* Exercise: Only the pictures should be dropped; every line of the data must come back exactly as written.

* Data:
........

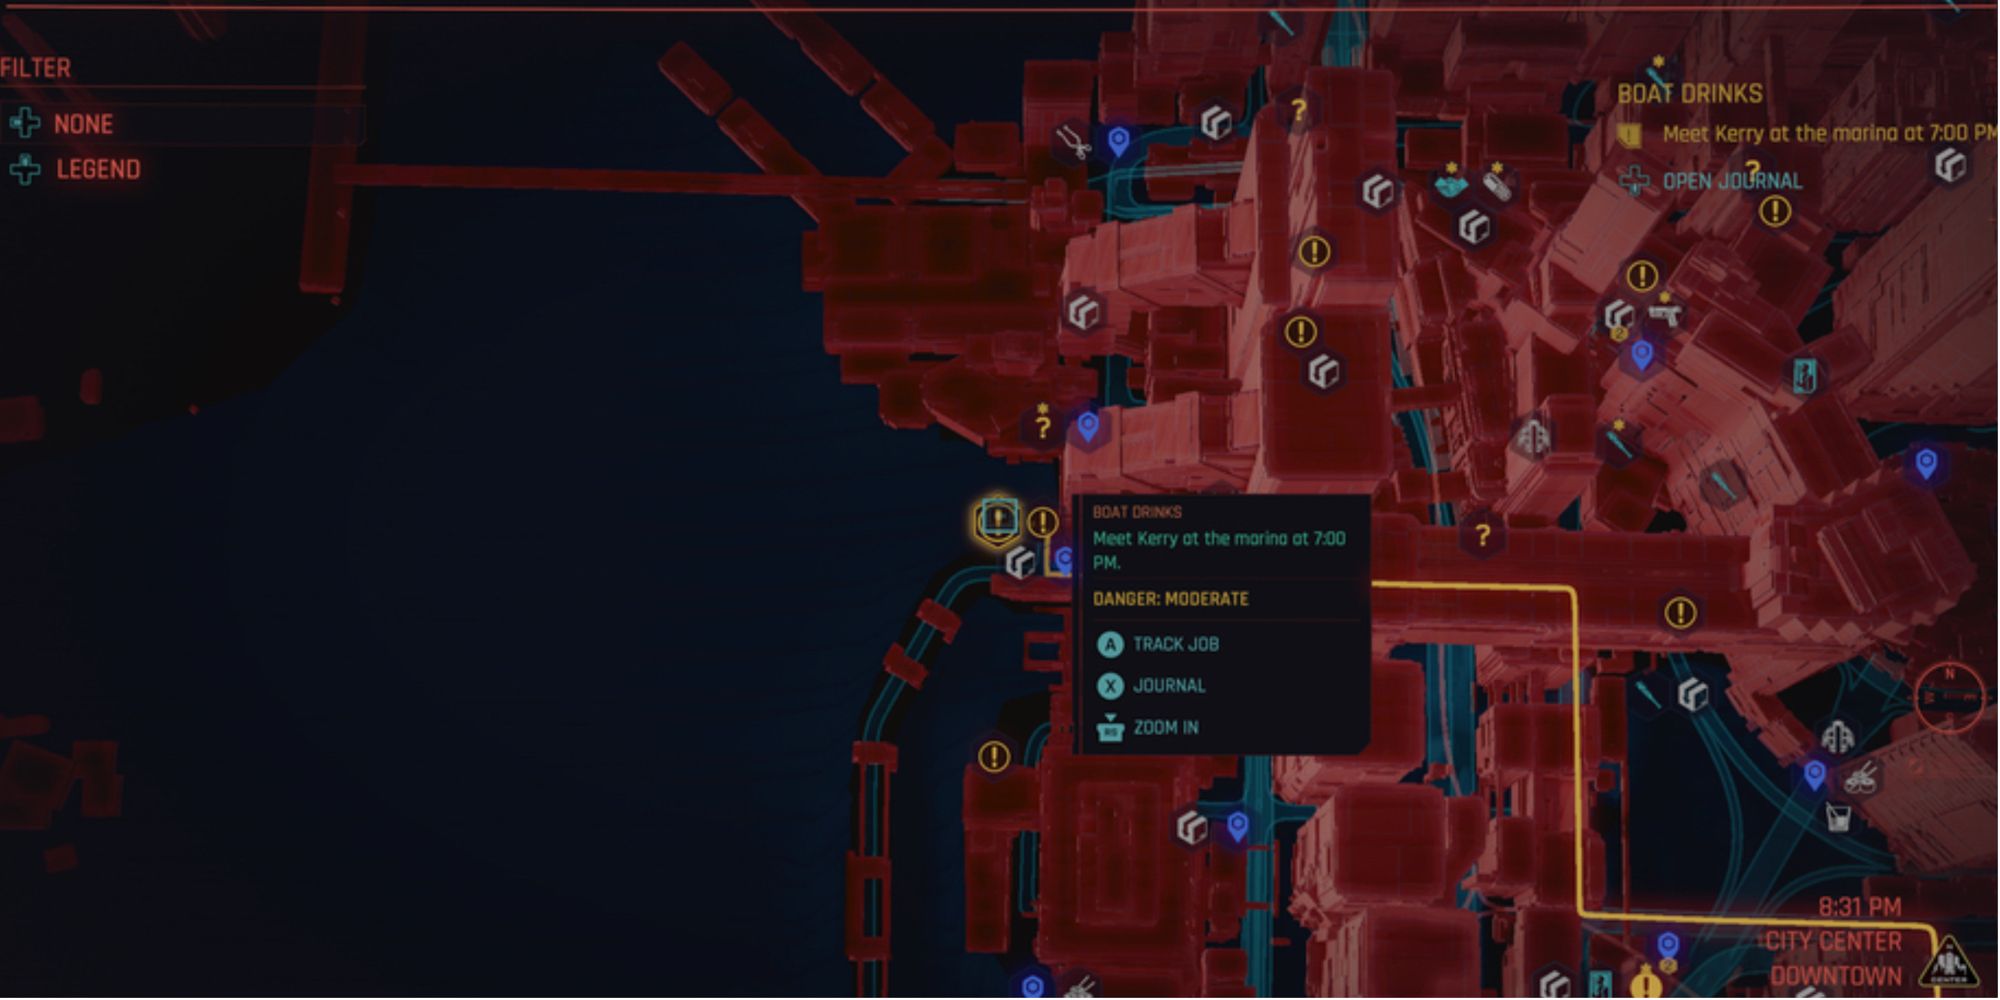 Map marker for boat drinks cyberpunk 2077
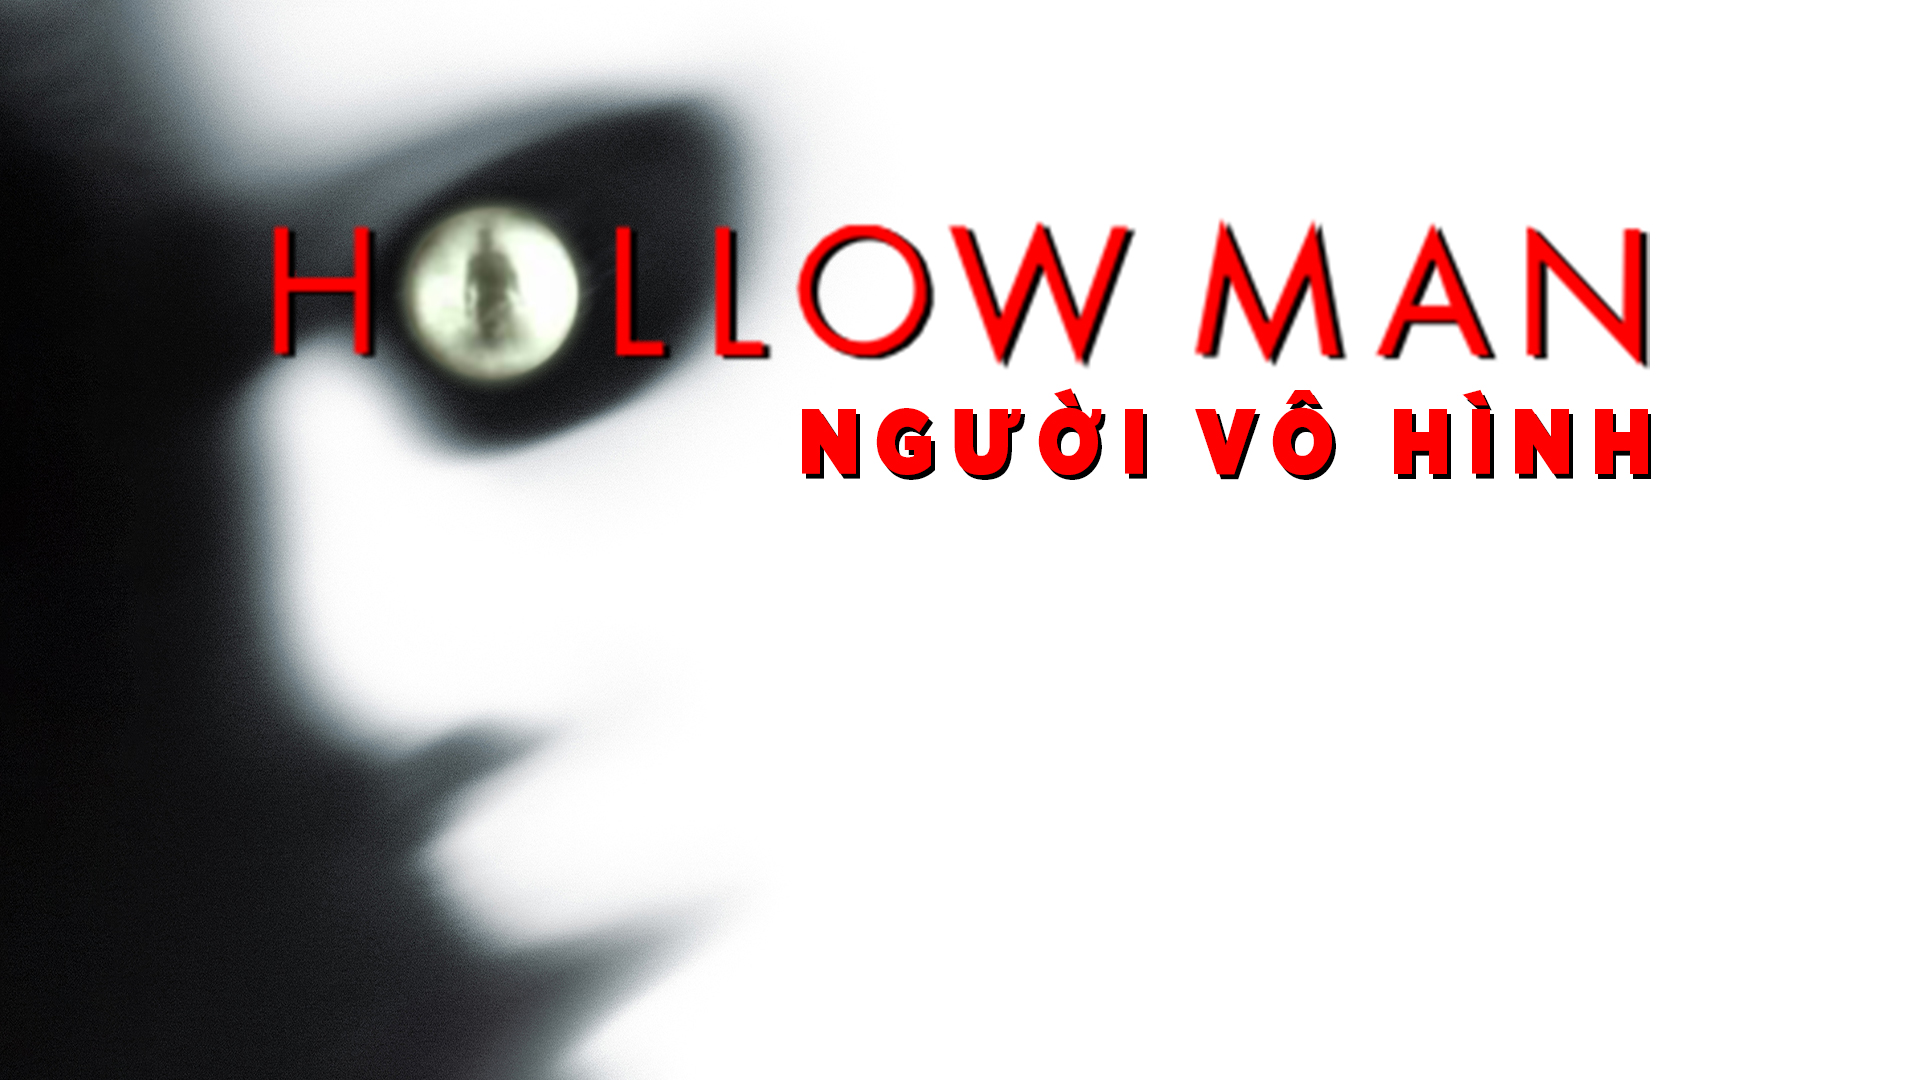 77. Phim Hollow Man (2000) - Người vô hình (2000)
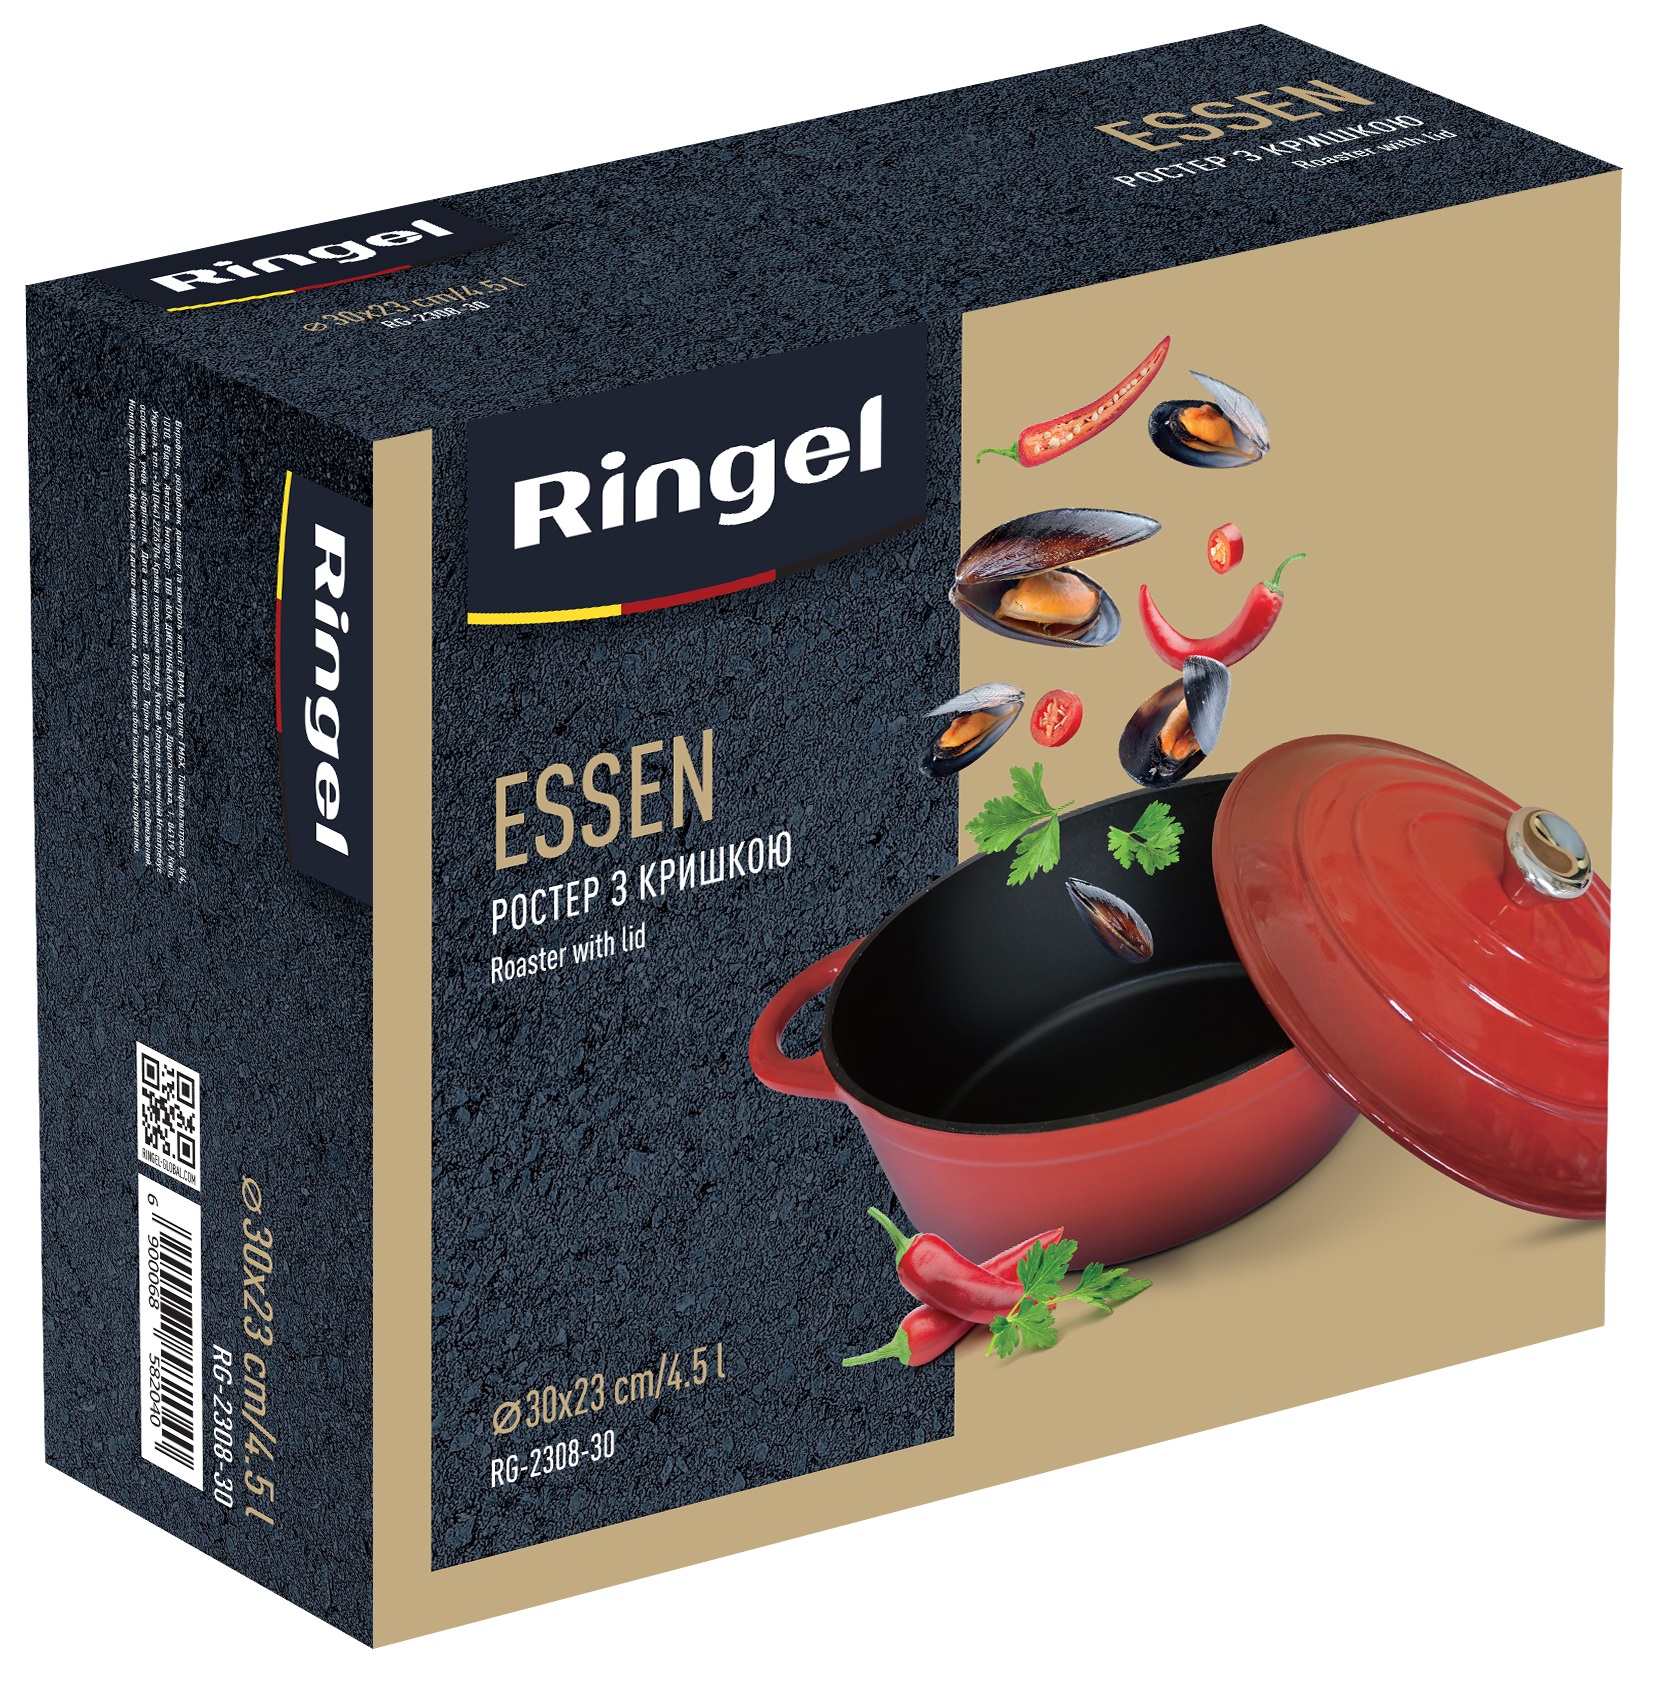 Гусятница Ростер RINGEL RG-2308-30 Essen 4.5 л в ассортименте

........

* Task response:
 Map marker for boat drinks cyberpunk 2077
 77. Phim Hollow Man (2000) - Người vô hình (2000)
 Гусятница Ростер RINGEL RG-2308-30 Essen 4.5 л в ассортименте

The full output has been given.